Example of creating and running a Metropolis-Hastings Sampler
In this notebook we will setup a sampler to sample a 2D Gaussian distribution with mean \(\bar{x} = 2, \bar{y} = 5\) and variance \(\sigma_x^2 = 1\), \(\sigma_y^2 = 2\); \(\sigma^2_{xy} = \sigma^2_{yx} = 0\), using a prior that is uniform over \(x \in [-20, 20)\), \(y\in[-40, 40)\).
We will use Python’s multiprocessing to evolve 12 chains using 4 cores. We will demonstrate that resuming a sampler from it’s state attribute yields the same results as if we had run continuously. We then make a plot of the posterior. Finally, we make an animation showing how the 12 chains moved.
%matplotlib notebook
from matplotlib import pyplot
import numpy
import epsie
from epsie.samplers import MetropolisHastingsSampler
import multiprocessing
Create the model to sample
Note: Below we create a class with several functions to draw samples from the prior and to evaluate the log posterior. This isn’t strictly necessary. The only thing the Sampler really requires is a function that it can pass keyword arguments to and get back a tuple of (log likelihood, log prior). However, setting things up as a class will make it convenient to, e.g., draw random samples from the prior for the starting positiions, as well as plot the model later on.
from scipy import stats
class Model(object):
def __init__(self):
# we'll use a 2D Gaussian for the likelihood distribution
self.params = ['x', 'y']
self.mean = [2., 5.]
self.cov = [[1., 0.], [0., 2.]]
self.likelihood_dist = stats.multivariate_normal(mean=self.mean,
cov=self.cov)
# we'll just use a uniform prior
self.prior_bounds = {'x': (-20., 20.),
'y': (-40., 40.)}
xmin = self.prior_bounds['x'][0]
dx = self.prior_bounds['x'][1] - xmin
ymin = self.prior_bounds['y'][0]
dy = self.prior_bounds['y'][1] - ymin
self.prior_dist = {'x': stats.uniform(xmin, dx),
'y': stats.uniform(ymin, dy)}
def prior_rvs(self, size=None):
return {p: self.prior_dist[p].rvs(size=size)
for p in self.params}
def logprior(self, **kwargs):
return sum([self.prior_dist[p].logpdf(kwargs[p]) for p in self.params])
def loglikelihood(self, **kwargs):
return self.likelihood_dist.logpdf([kwargs[p] for p in self.params])

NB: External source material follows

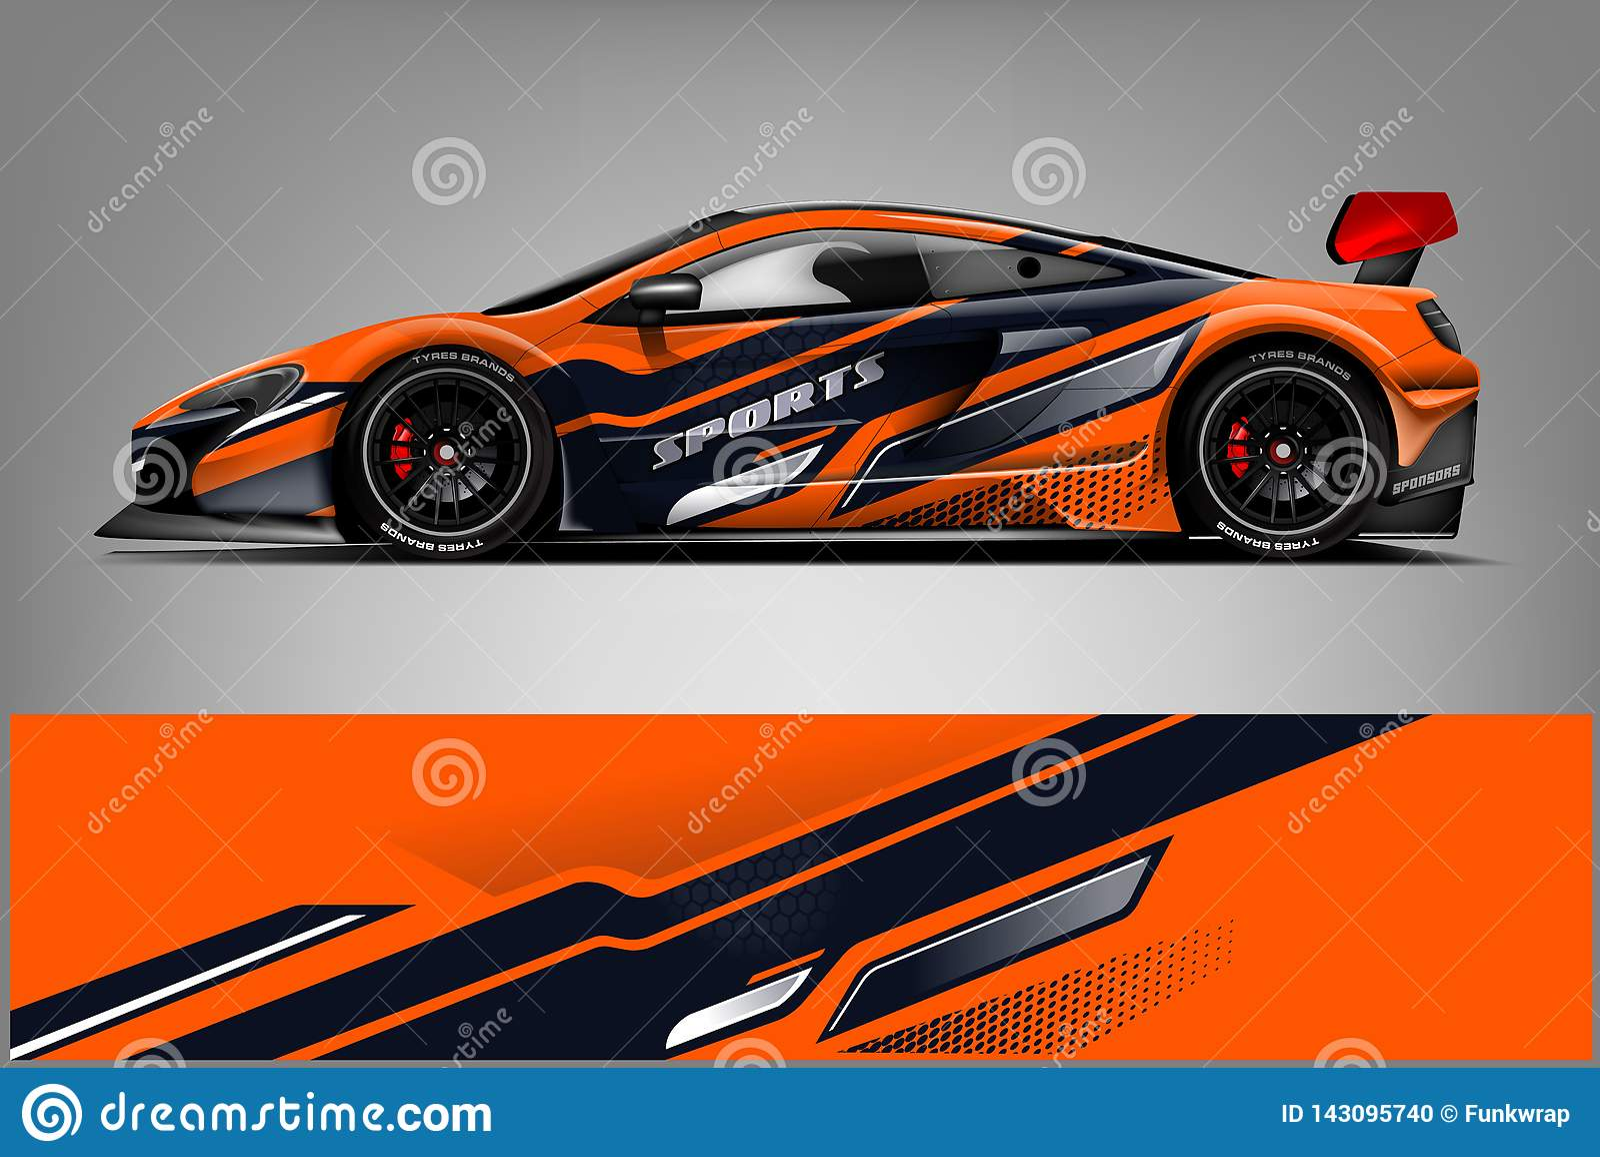 Design för sjal för springa för sportbil f?r designeps f?r 10 bakgrund vektor f?r tech - Mappen f?r vektorn

def __call__(self, **kwargs):
logp = self.logprior(**kwargs)
if logp == -numpy.inf:
logl = None
else:
logl = self.loglikelihood(**kwargs)
return logl, logp
model = Model()
Setup and run the sampler
Create a pool of 4 parallel processes, then initialize the sampler using the model we created above.
nchains = 12
nprocs = 4
pool = multiprocessing.Pool(nprocs)
#pool = None
sampler = MetropolisHastingsSampler(model.params, model, nchains, pool=pool)
Now set the starting positions of the chains by drawing random variates from the model’s prior.
sampler.start_position = model.prior_rvs(size=nchains)
Let’s run it!
This will evolve each chain in the collection by 256 steps. This is parallelized over the pool of processes.
sampler.run(256)
Extract results
We can get the history of all of the chains using the .positions
attribute. This will return a numpy structured array in which the fields
are the parameters names (in this case, 'x'
and 'y'
), and with
shape nchains x niterations
:
positions = sampler.positions
print('sampler.positions: {}'.format(type(positions)))
print('with fields: {}'.format(positions.dtype.names))
print('and shape:', positions.shape)
sampler.positions: <class 'numpy.ndarray'>
with fields: ('x', 'y')
and shape: (12, 256)
This (or any structured array returned by epsie) can be turned into a
dictionary of arrays, where the keys are the parameter names, using
epsie.array2dict
:
positions = epsie.array2dict(sampler.positions)
print('sampler.positions: {} with keys/values:'.format(type(positions)))
for param in sorted(positions):
print('"{}": {} with shape {}'.format(param, type(positions[param]), positions[param].shape))
sampler.positions: <class 'dict'> with keys/values:
"x": <class 'numpy.ndarray'> with shape (12, 256)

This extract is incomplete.